The newspaper said that DNR will certify about 300 inspectors to work for city, county and park systems to check boats entering clean lakes and leaving infested lakes. About 150 DNR inspectors will be assigned to high-risk sites. They will operate 23 portable decontamination units to disinfect boats and trailers.

Inspectors will also be stationed in the Three Rivers Park System during park hours at lakes including Fish, Bryant, Medicine, Independence, Minnetonka and Hyland, and that most parks will have staff at entry gates to do inspections. Inspections will also be stepped up at boat launches at Harriet, Calhoun and Nokomis lakes in Minneapolis.

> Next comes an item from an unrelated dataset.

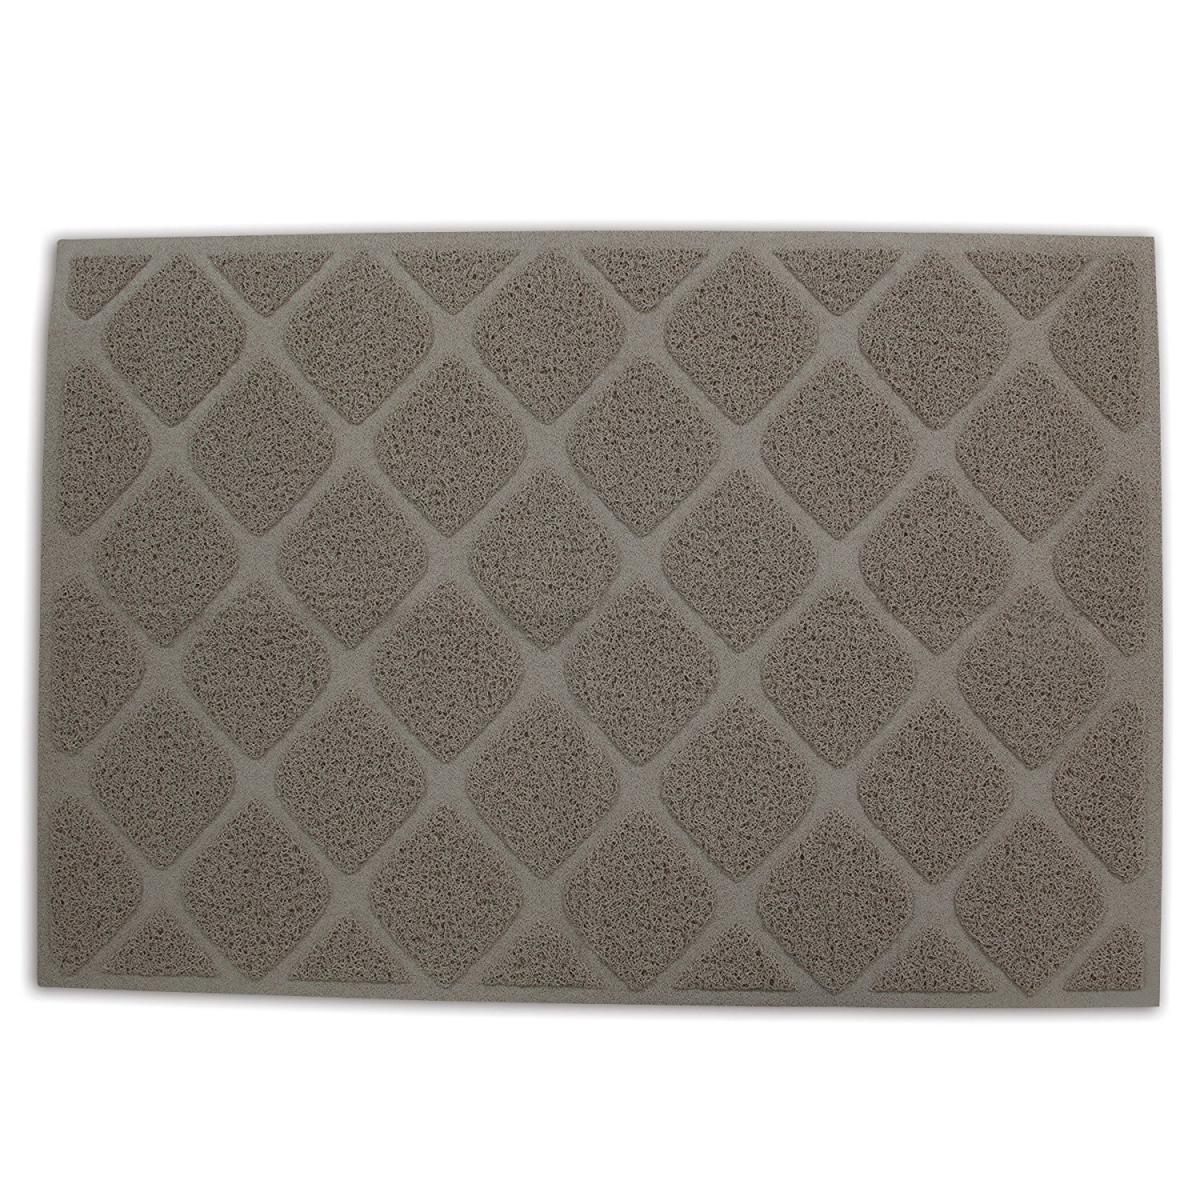 Petmate Litter Mat, Grid Design, Stone, 47 x 32 x 0.2 inches

The Pioneer Press reported that at an Aquatic Invasive Species Symposium held last week in St. Paul, sponsored by the Minnehaha Creek Watershed District and Minnesota Association of Watershed Districts, found some relatively positive indicators about the fight. Participants learned that the list of Minnesota waters contaminated by zebra mussels is growing at a slower pace that in the past, with 17 distinct water bodies reporting new infestations.

The Associated Press reported that the boating industry has come on board to help in prevention efforts. The Water Sports Industry Association was one of the partners in presenting the forum. The association is working in tandem with boat makers to test filters that prevent the youngest zebra mussels from being transported in ballast tanks.

Scientists are getting started at the University of Minnesota’s new aquatic invasive species research center, created after legislators appropriated funds for it in 2012.

New invasive species listed on the “least wanted” list by the Minnehaha Creek Watershed District include the hydrilla plant, the New Zealand mudsnail, the rusty crayfish, and the spiny water flea.

Fertilized Asian carp eggs were reported earlier this month from samples taken from the Mississippi in waters connected to Minnesota.